You are viewing a plain text version of this content. The canonical link for it is here.
Posted to dev@tika.apache.org by "Anirban Mitra (Commented) (JIRA)" <ji...@apache.org> on 2011/11/17 22:16:52 UTC
[jira] [Commented] (TIKA-734) Out of memory exception with Xlsx
file less than 5 MB
[ https://issues.apache.org/jira/browse/TIKA-734?page=com.atlassian.jira.plugin.system.issuetabpanels:comment-tabpanel&focusedCommentId=13152329#comment-13152329 ]
Anirban Mitra commented on TIKA-734:
------------------------------------
Hello ,
I am using the following code.
constructor()
{
this.context = new ParseContext();
this.parser = new AutoDetectParser();
this.context.set(Parser.class, parser);
this.outputStream = argOutputStream;
this.fileInputStream = argIp;
}
function convert()
{
Metadata metadata = new Metadata();
metadata.set(Metadata.RESOURCE_NAME_KEY, fileName);
BodyContentHandler contentHandler = new BodyContentHandler(this.outputStream); // outputStream is a pipedOutputStream
parser.parse(fileInputStream , contentHandler, metadata, context);
}
The reason I am using the parsing mechanism like above because I wanted to use a pipedInput attached to a pipedOutputStream so that
I can use it more efficiently. While TIKA reads the file, pass the parsed content to pipedStream , another thread will pickup the
Text from pipedStream and start processing it. So the whole idea is if I need to parse an 30 MB file, I do not need to wait for TIKA
To parse the complete file , instead it could keep parsing a small chunk of file and send for processing by other threads.
Still I am seeing the performance with respect to time is not improved much. Do you have any suggestion on the way I am using TIKA ?
Is that a correct way of using TIKA?
I am not using tika.parseToString() because it returns the whole parsing results string at once and till then the other threads would be blocked.

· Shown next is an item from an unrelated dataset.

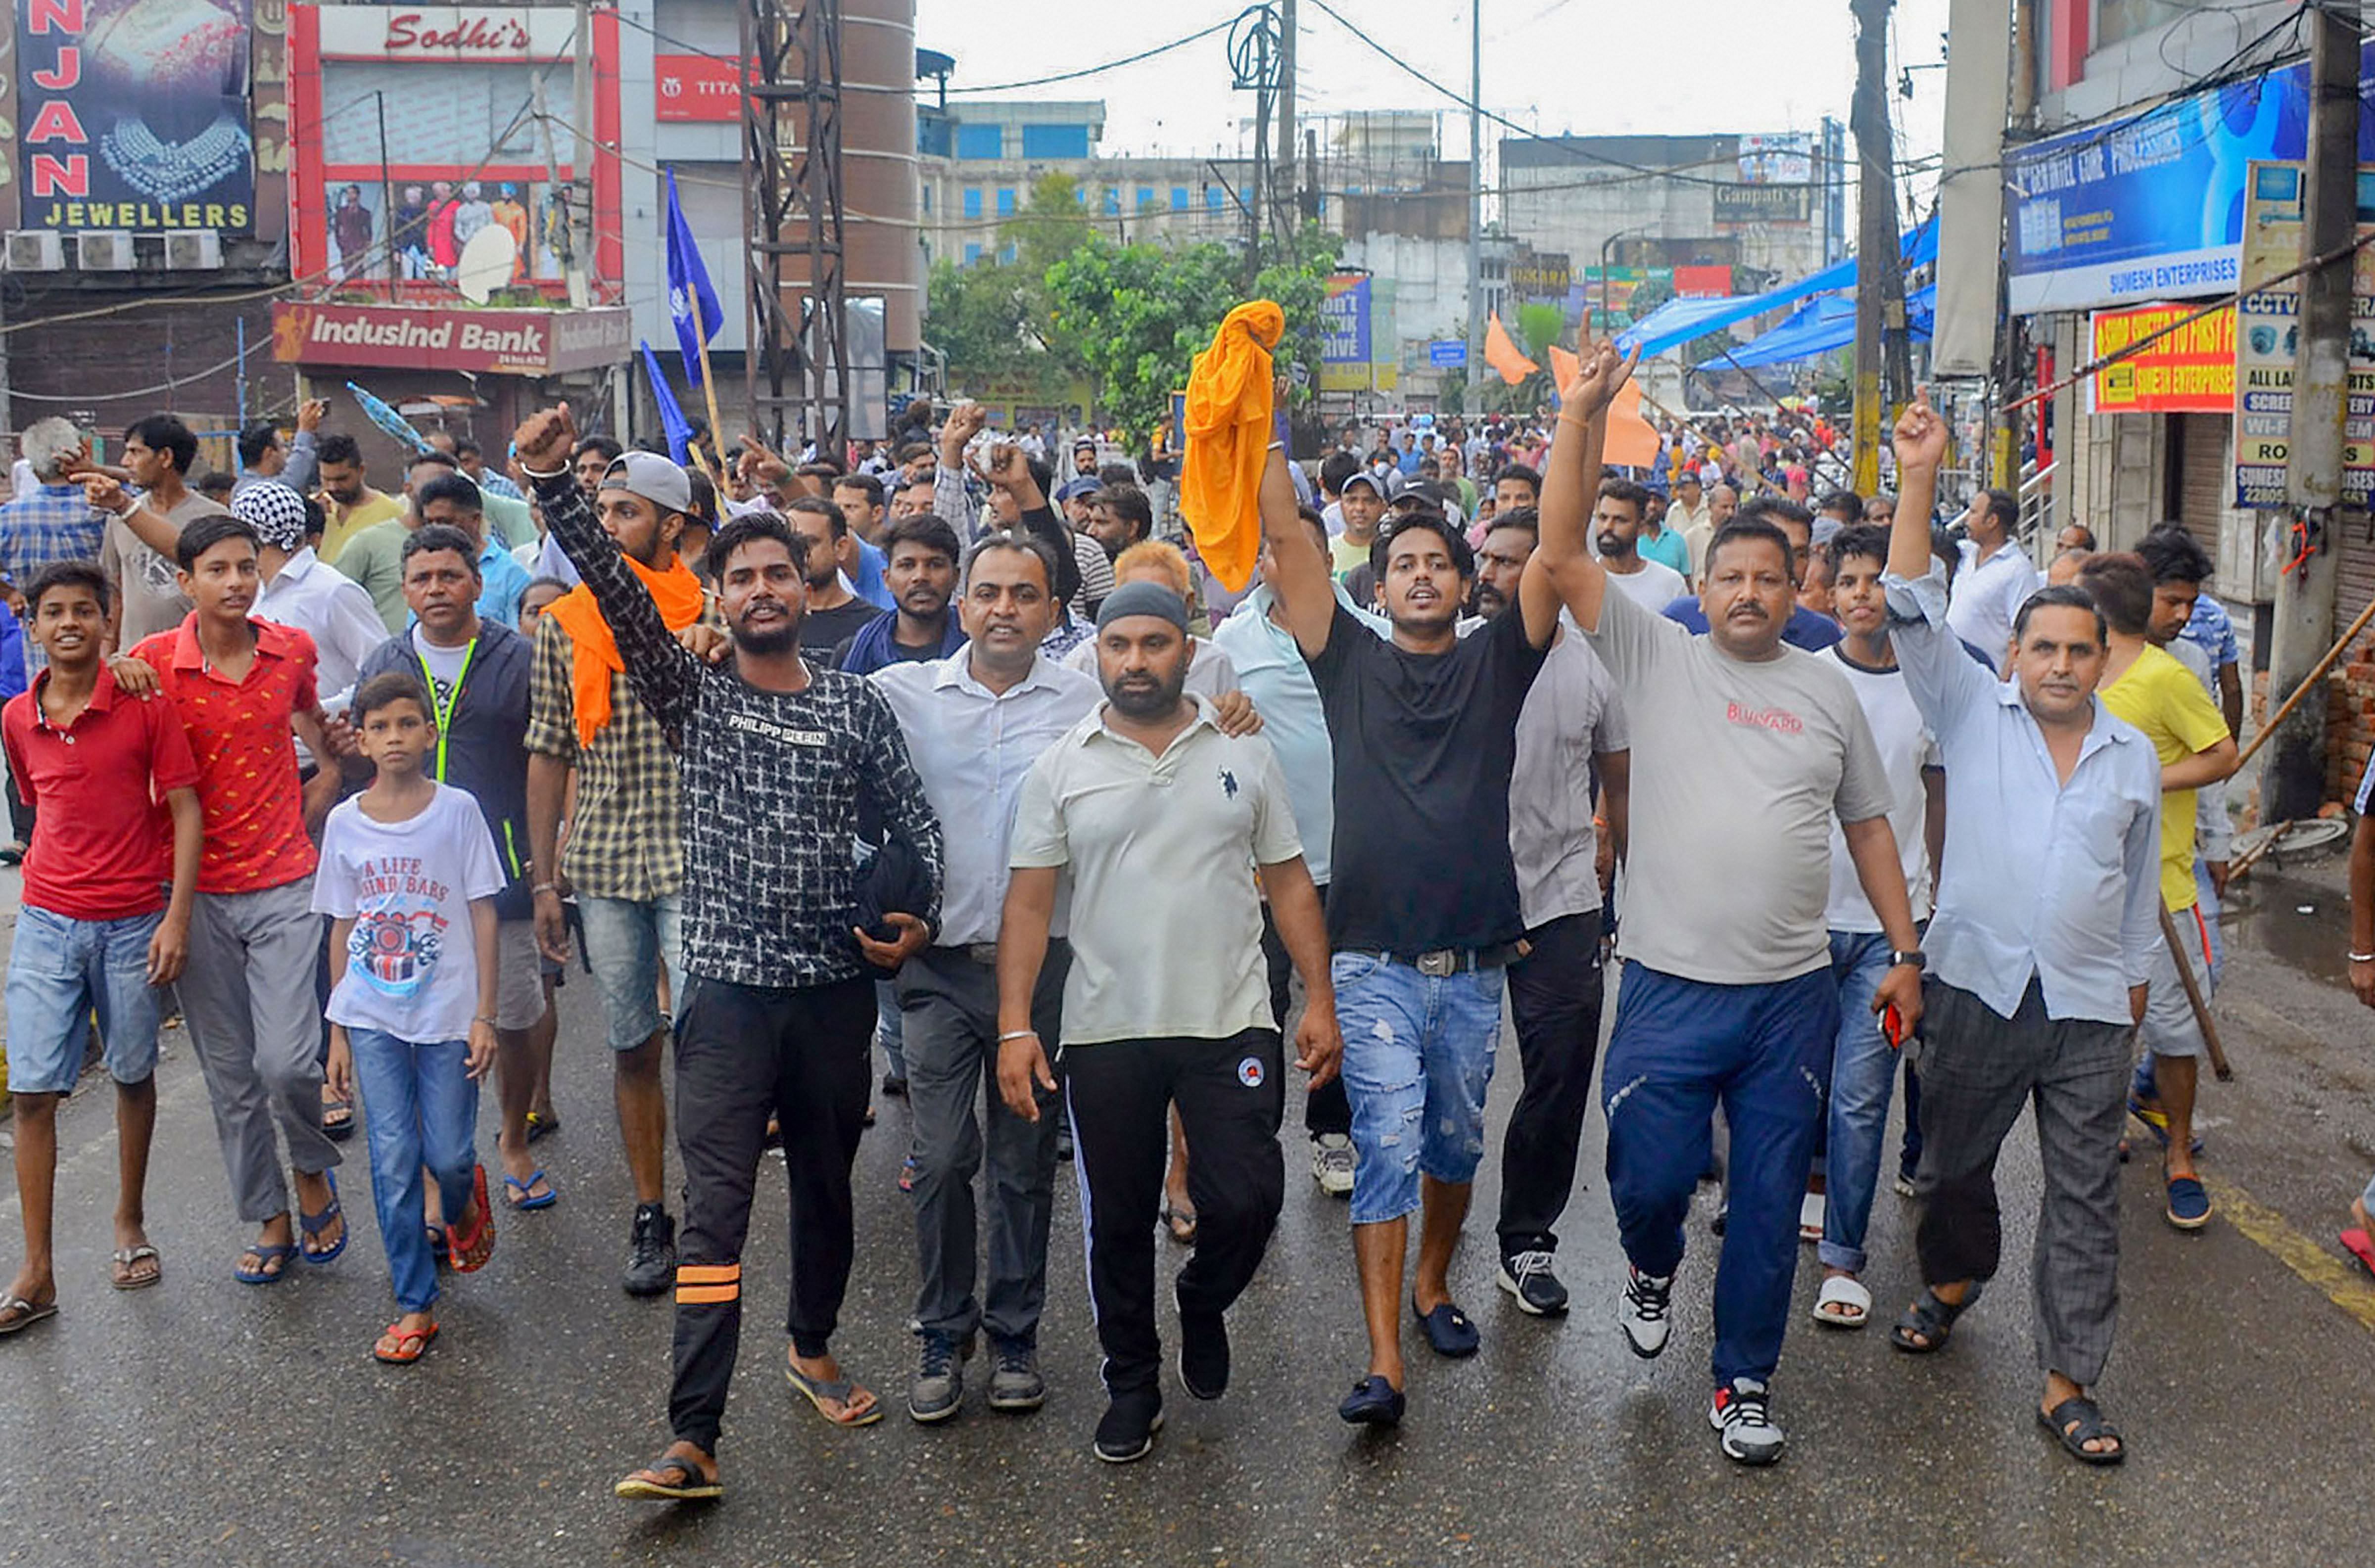 Members of Guru Ravidas Sabha during a protest march over demolishment of Guru Ravidas temple in Delhi. (PTI Photo)
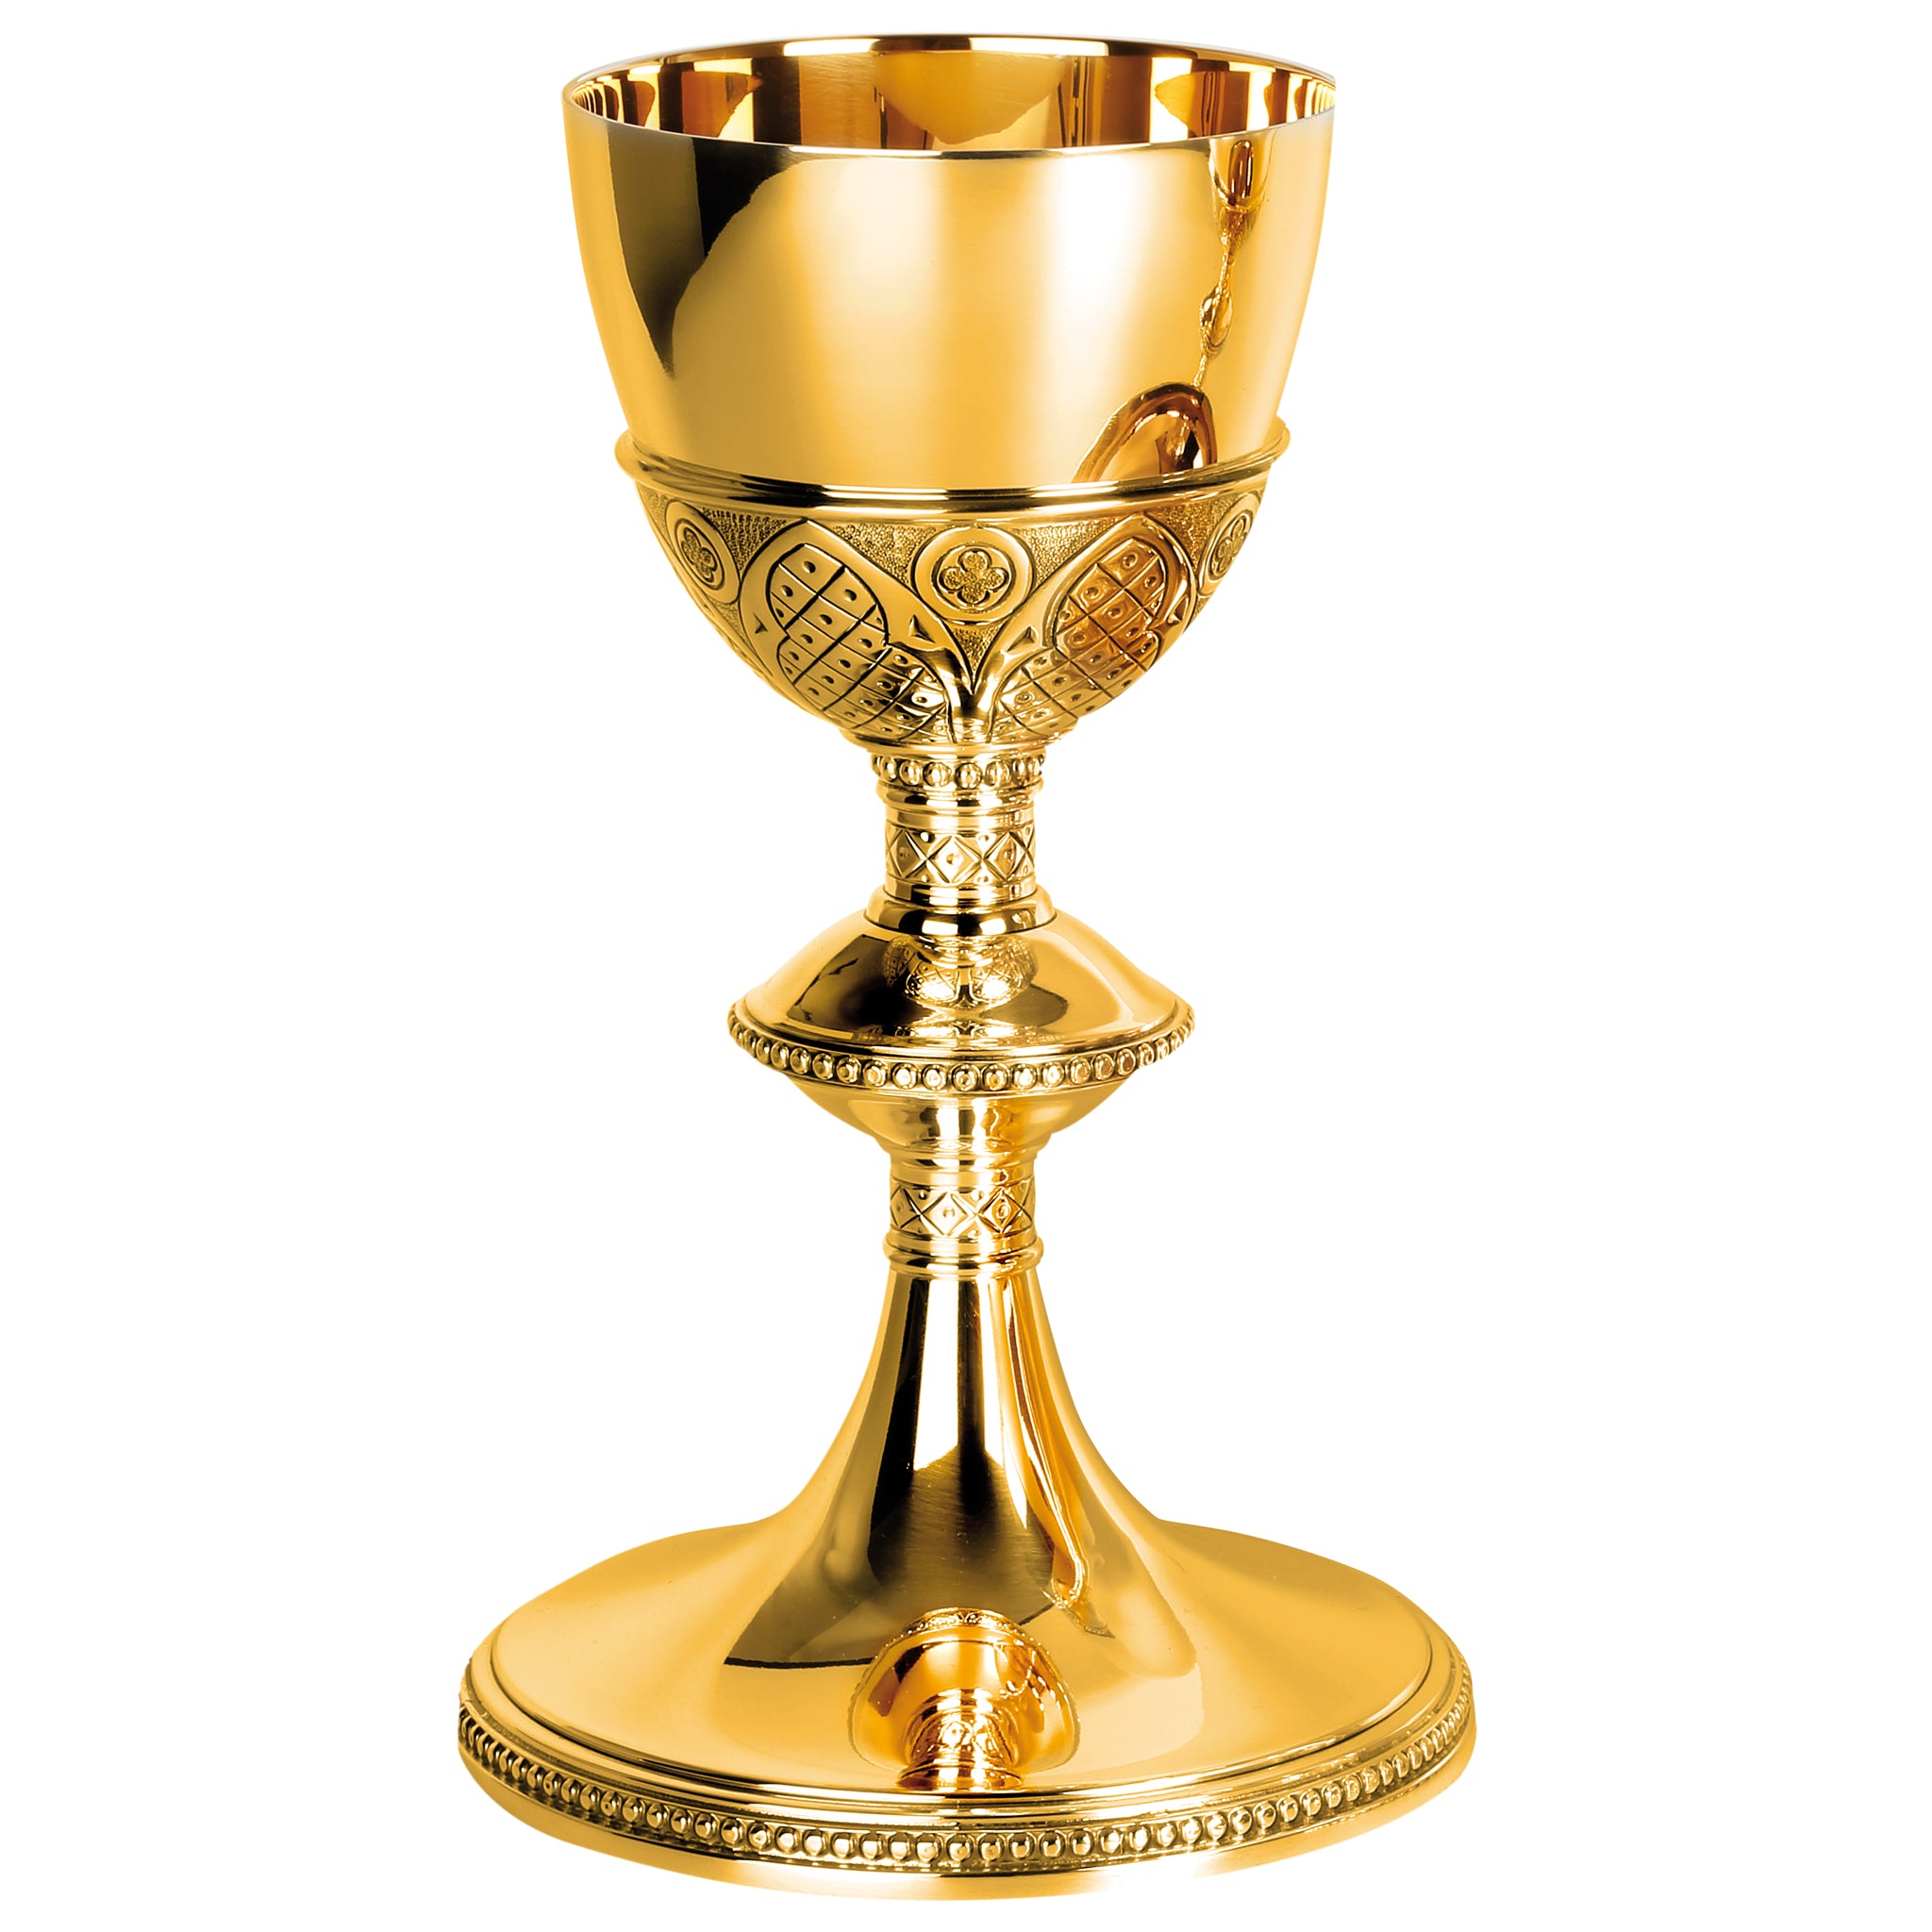 Gold Chalice | Gothic design | 17 oz

Hope I could explain my issue. Appreciate a response from your end.
Thanks
Anirban
> Out of memory exception with Xlsx file less than 5 MB
> -----------------------------------------------------
>
> Key: TIKA-734
> URL: https://issues.apache.org/jira/browse/TIKA-734
> Project: Tika
> Issue Type: Bug
> Components: parser
> Affects Versions: 0.7
> Environment: Windows Vista , JUnit test cases running in RAD, JVM heap memory - 500MB
> Reporter: Anirban Mitra
> Attachments: Sample BIG Excel 2007 File.xls
>
>
> I am trying to parse and extract a pattern from Xlsx files.i tried using a 5 MB file and when i run my
> JUnit test cases, it fails and i see heap memory out of size exception.Do we have any resolution for the same ?
--
This message is automatically generated by JIRA.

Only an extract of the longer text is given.